* **Exercise aim**:
Copy out precisely the lines of the material that follows, beginning with the line containing "Ford Transit 2.2" and ending with its last line; exclude pictures.

* **Dataset section**:
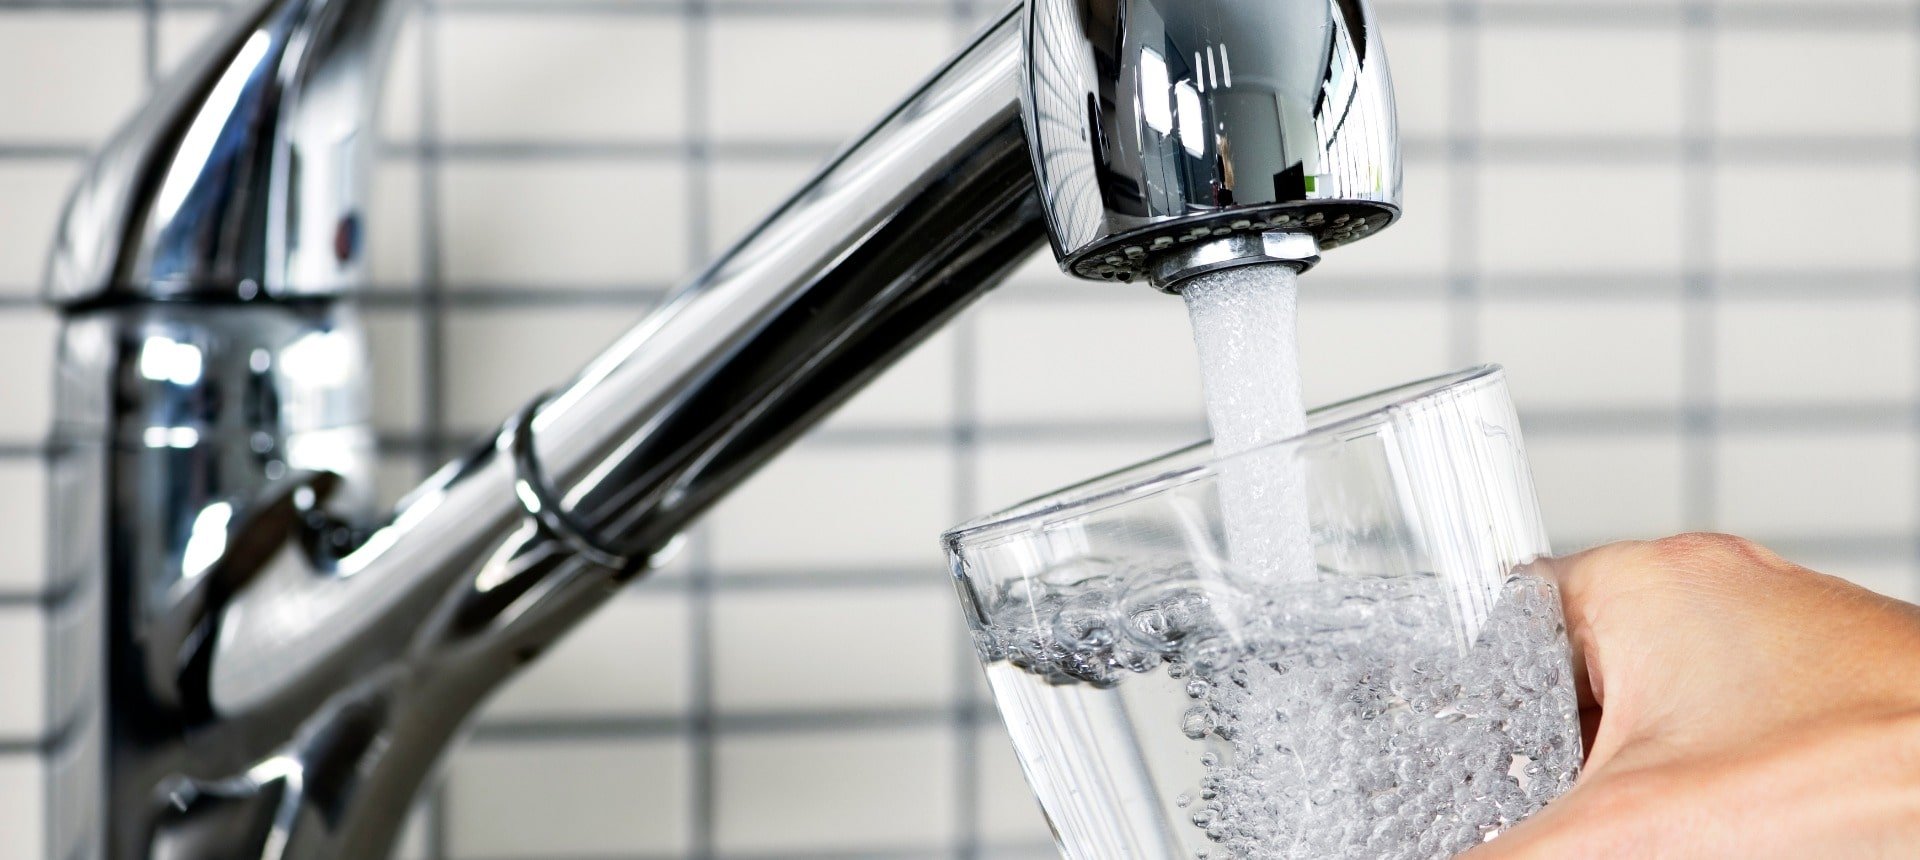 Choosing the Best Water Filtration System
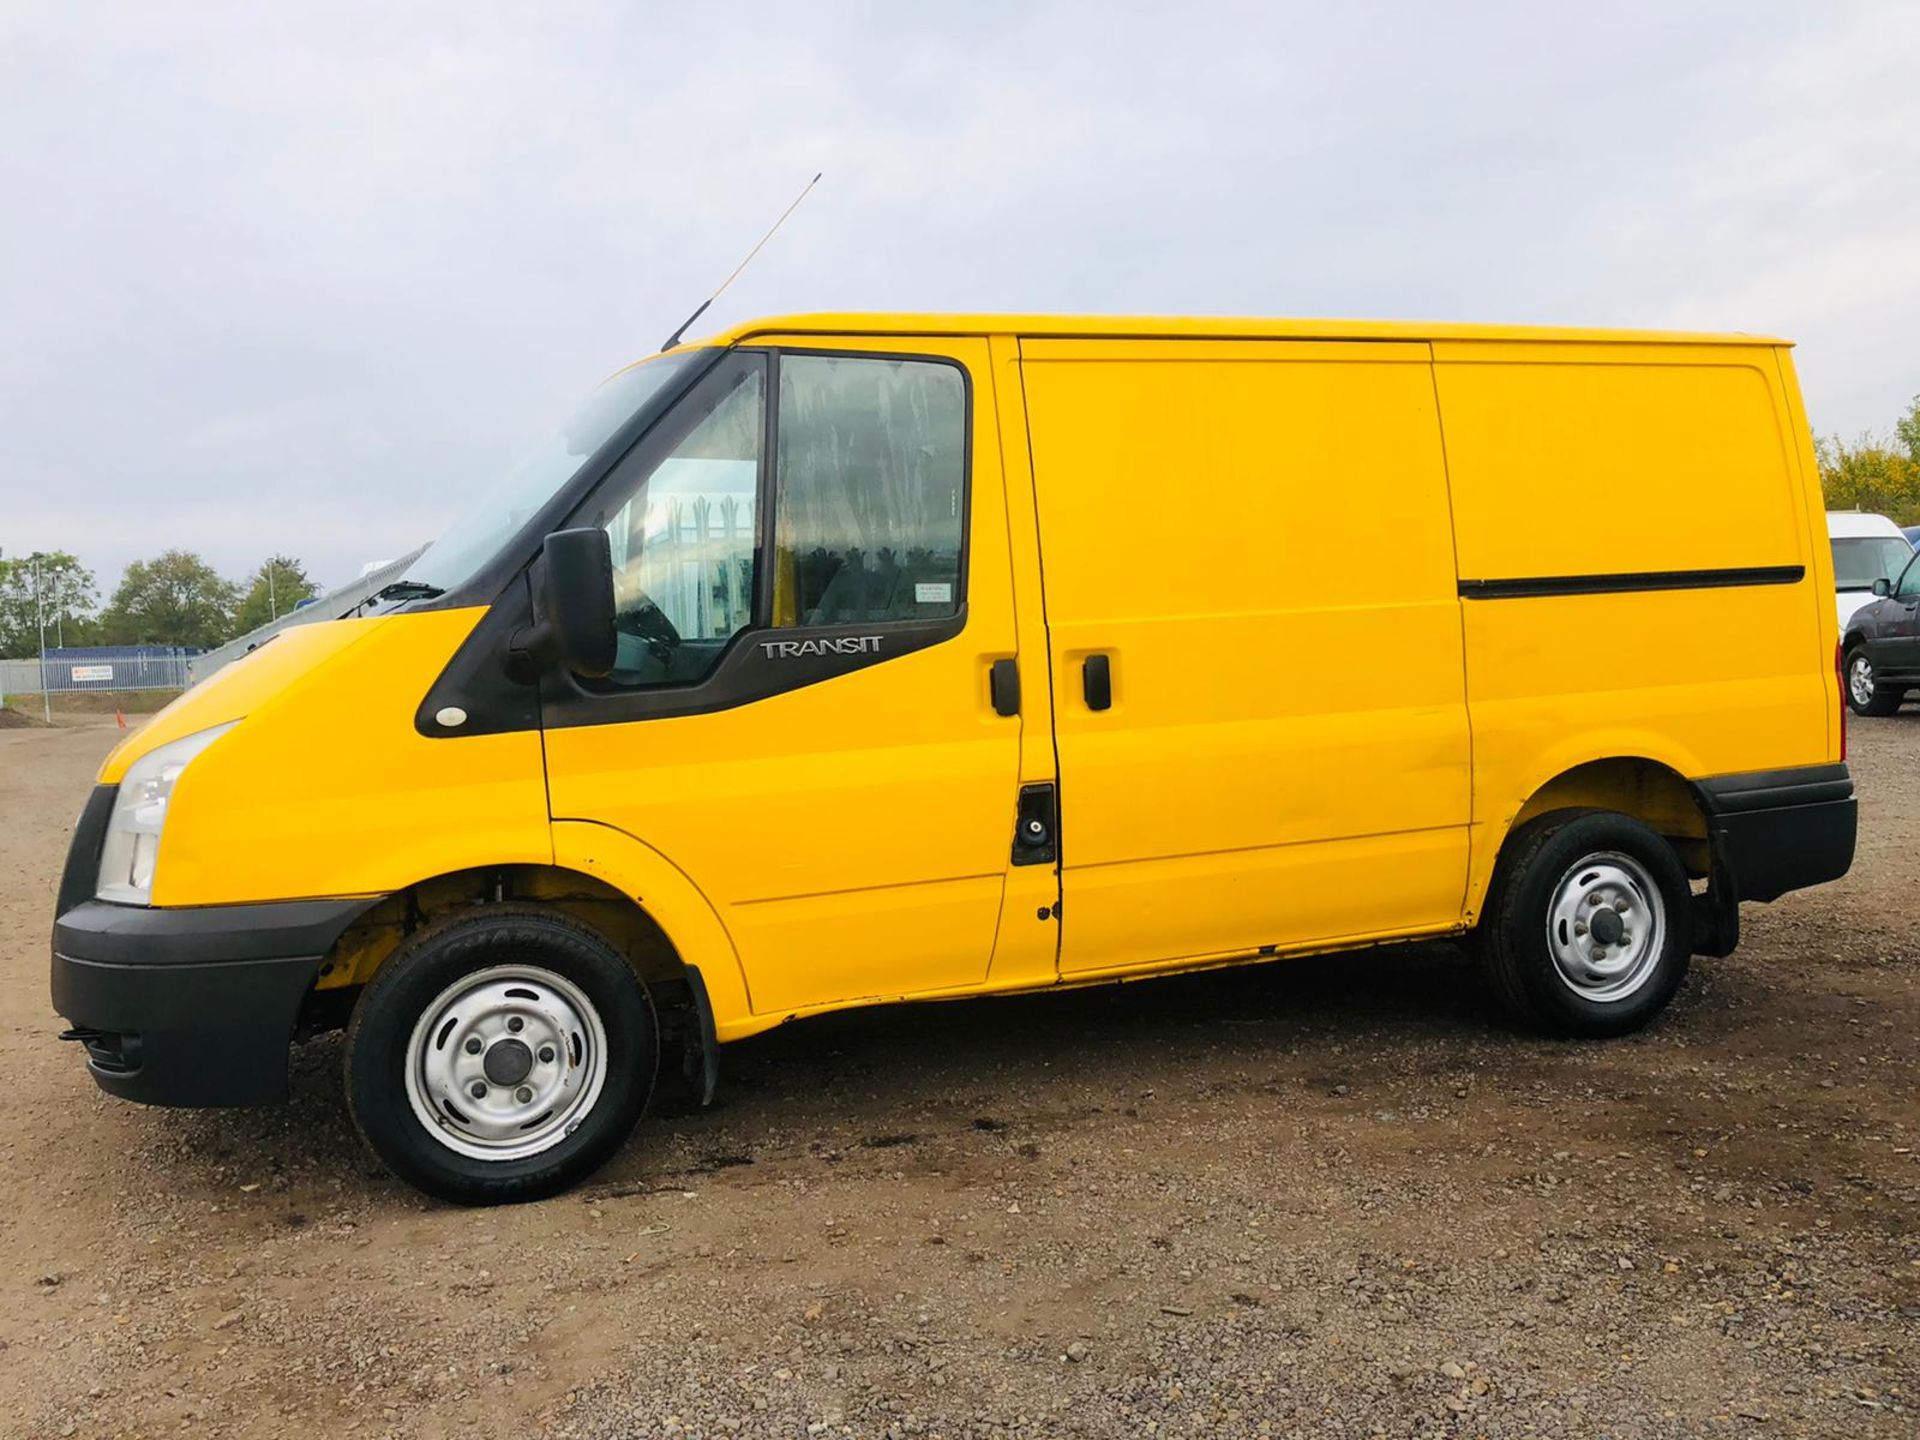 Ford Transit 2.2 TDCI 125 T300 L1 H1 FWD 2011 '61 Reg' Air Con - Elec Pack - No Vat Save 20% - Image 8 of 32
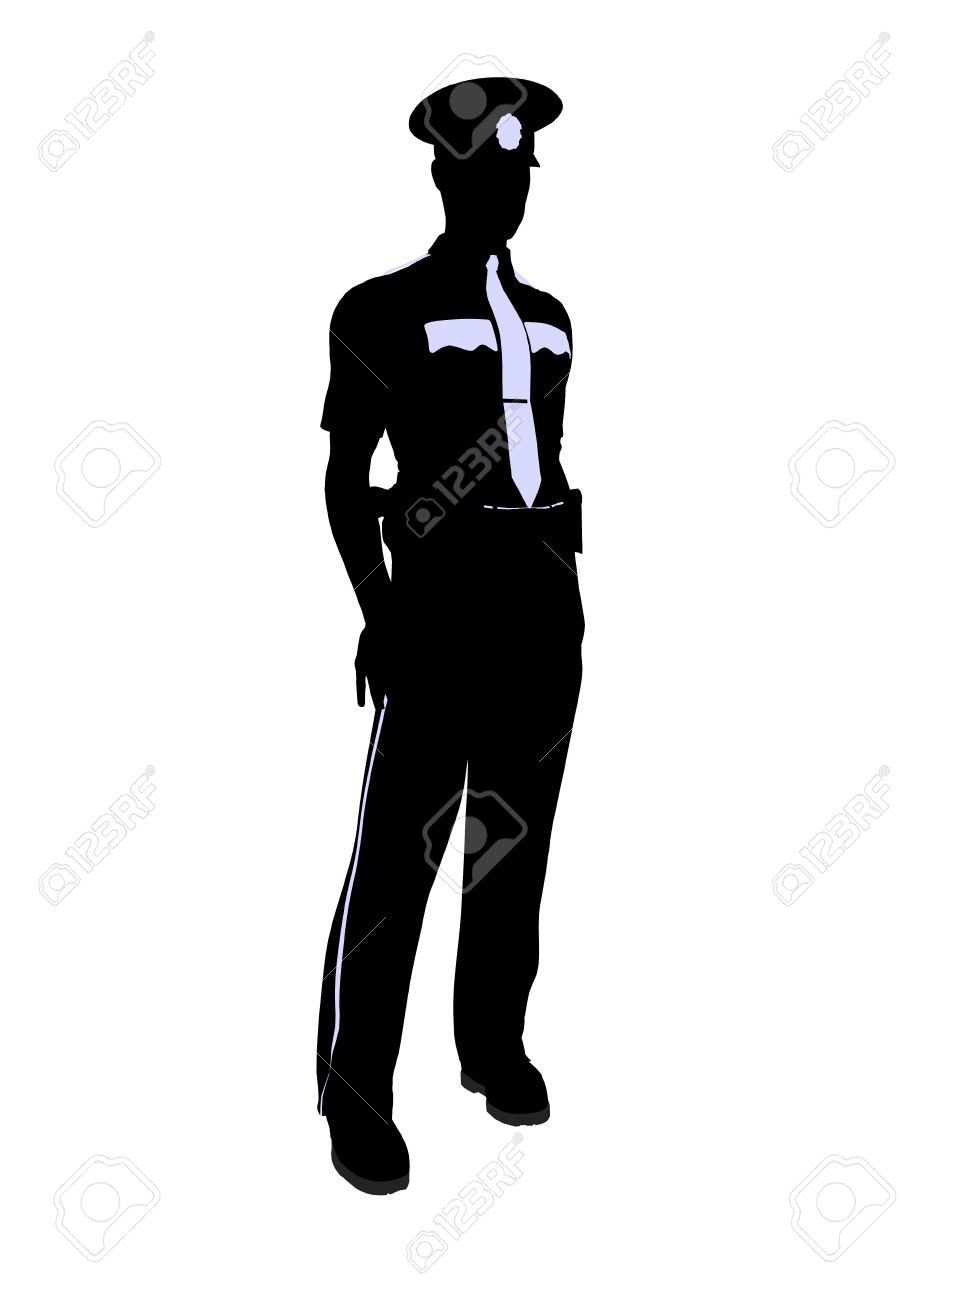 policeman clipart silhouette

* **Answer box**:
 Ford Transit 2.2 TDCI 125 T300 L1 H1 FWD 2011 '61 Reg' Air Con - Elec Pack - No Vat Save 20% - Image 8 of 32
 policeman clipart silhouette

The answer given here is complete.